The ratio of the total weight of tipped butadiene polymers to the total weight of the composition is preferably up to 9:1. Preferably at least 5 parts by weight of each butadiene polymer are present in each 100 parts by weight of the combination of butadiene polymers.

The optimum relative proportions by weight of the two butadiene polymers and the optimum proportion of the total weight of butadiene polymers based on the entire composition usually vary according to the particular polymers selected. Generally where the functionality of the polymers is different, a lower proportion of the polymer having the higher functionality will be required. A person of ordinary skill in the art would be able to determine by minimal experimentation, implementing the teaching in this specification, the most suitable proportions for a particular combination of components.For example, where a carboxyltipped polymer and an amino-tipped polymer are used, preferably the polymers are present in amounts of at least 5 parts (more preferably at least 10 parts) and at least 10 parts (more preferably at least 20 parts) by weight respectively, based on 100 parts by weight of the polymer blend. Where an amino-tipped polymer and a vinyl-tipped polymer are used, preferably the polymers are present in amounts of from 50 to 90 parts and 50 to 10 parts respectively based on 100 parts by weight of the polymer blend. Where an amino-tipped polymer and a bromo-tipped homopolymer are used, preferably the polymers are present in amounts of from 50 to 90 parts and 50 to 10 parts respectively, based on 100 parts by weight of the polymer blend.

Where an amino-tipped polymer and a bromo-tipped copolymer are used, preferably the polymers are present in amounts of from 20 to 30 parts and 80 to 70 parts respectively, based on 100 parts by weight of the polymer blend. Where a carboxyl-tipped polymer and a vinyl tipped polymer are used, preferably the polymers are present in amounts of from 20 to 50 parts and 80 to 50 parts respectively, based on 100 parts by weight of the polymer blend.

Preferably the epoxy resin is in liquid form and has a bulk viscosity of from about 0.2 to 2,000 N.s/m2 measured by a Brookfield RVT viscometer at 25"C. Preferably the epoxy resin has an equivalent weight of 70 to 2000 and is acyclic. By "acylcic" is meant that the epoxy group is not part of a cycloaliphatic ring structure.

Examples include acylcic aliphatic resins of the glycidyl ether type such as are available under the trade name Epikote 815 and 828 from the Shell Chemical Company, The ratio of the weight of epoxy resin to the total weight of tipped butadiene polymers is preferably in the range 1:0.05 to 1:10 and more preferably 1:0.05to 1:5.

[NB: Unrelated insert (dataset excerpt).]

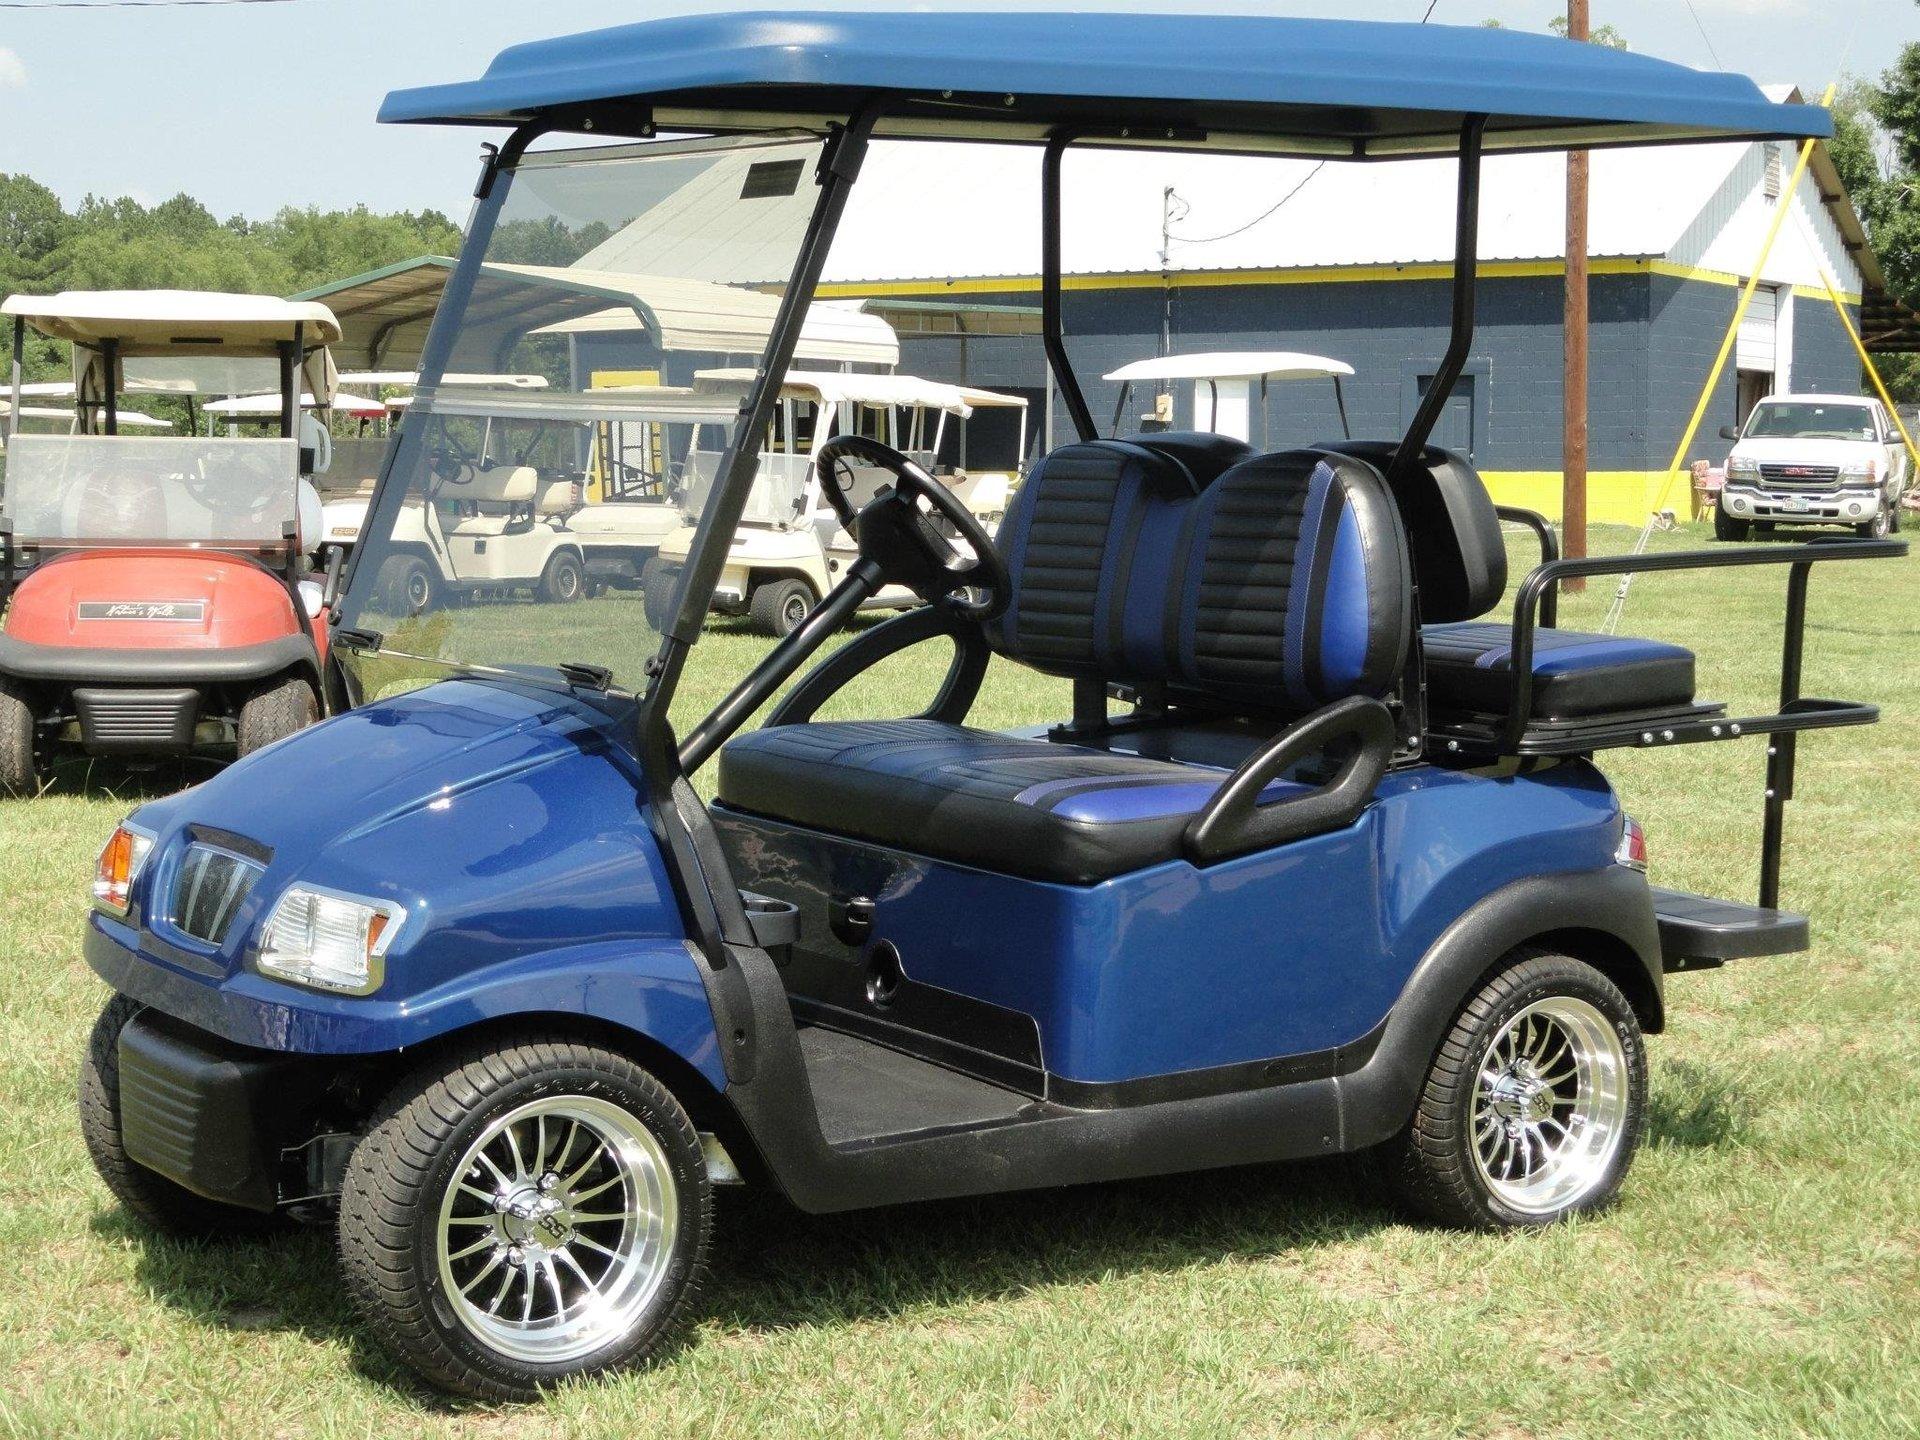 Golf Cart Kits | Custom Kits | Hawkins, TX Golf Cart Bos Kits on club cart lift kits, trailer kits, air compressor kits, go cart light kits, garden cart kits, bar stool cart kits, atv kits, construction kits, chopper kits, go cart lift kits, parts kits, hot tub kits, camper kits, log splitter kits, golf carts like trucks, golf carts vehicle, golf decorating ideas, dune buggy kits, golf pull carts clearance, wheel kits,

For some compositions, particularly where the weight ratio of epoxy resin to tipped butadiene polymers is less than 1 :5, it may be advisable to add a cross-linking agent to the composition to promote the reaction between the butadiene polymers and the epoxy resin, e.g. an amine-type cross-linking agent. Examples of amine-type cross-linking agents are given later.

Preferably a dihydroxy compound is included in the composition which may serve to increase the molecular weights and rubberiness of the cross-linked butadiene polymers. When used, the dihyroxy compound is preferably a diphenol and more preferably 2,2-di(4-hydroxy-phenyl) propane. This is available as bisphenol A from BDH Chemicals Limited. Other suitable diphenols include methylene bisphenol, bisphenol sulphide and bisphenol sulphone. The ratio of epoxy resin to dihydroxy compound is preferably in the range 100:3 to 100:30 by weight. Where the dihyroxy compound is a diphenol, a particularly preferred ratio of epoxy resin to diphenol is about 100:24 by weight.

The composition may contain additives e.g. an anti-oxidant or other stabiliser, a U.V. initiator, a reinforcing filler (such as carbon black, a metal carbonate or silicate, glass or textile fibres), a non-reinforcing filler (such as tale or titanium oxide), a colourant (such as metal oxide, a metal sulphide or an organic pigment) and a plasticizer (such as di-n-octyl azelate or di-iso-octyl azelate).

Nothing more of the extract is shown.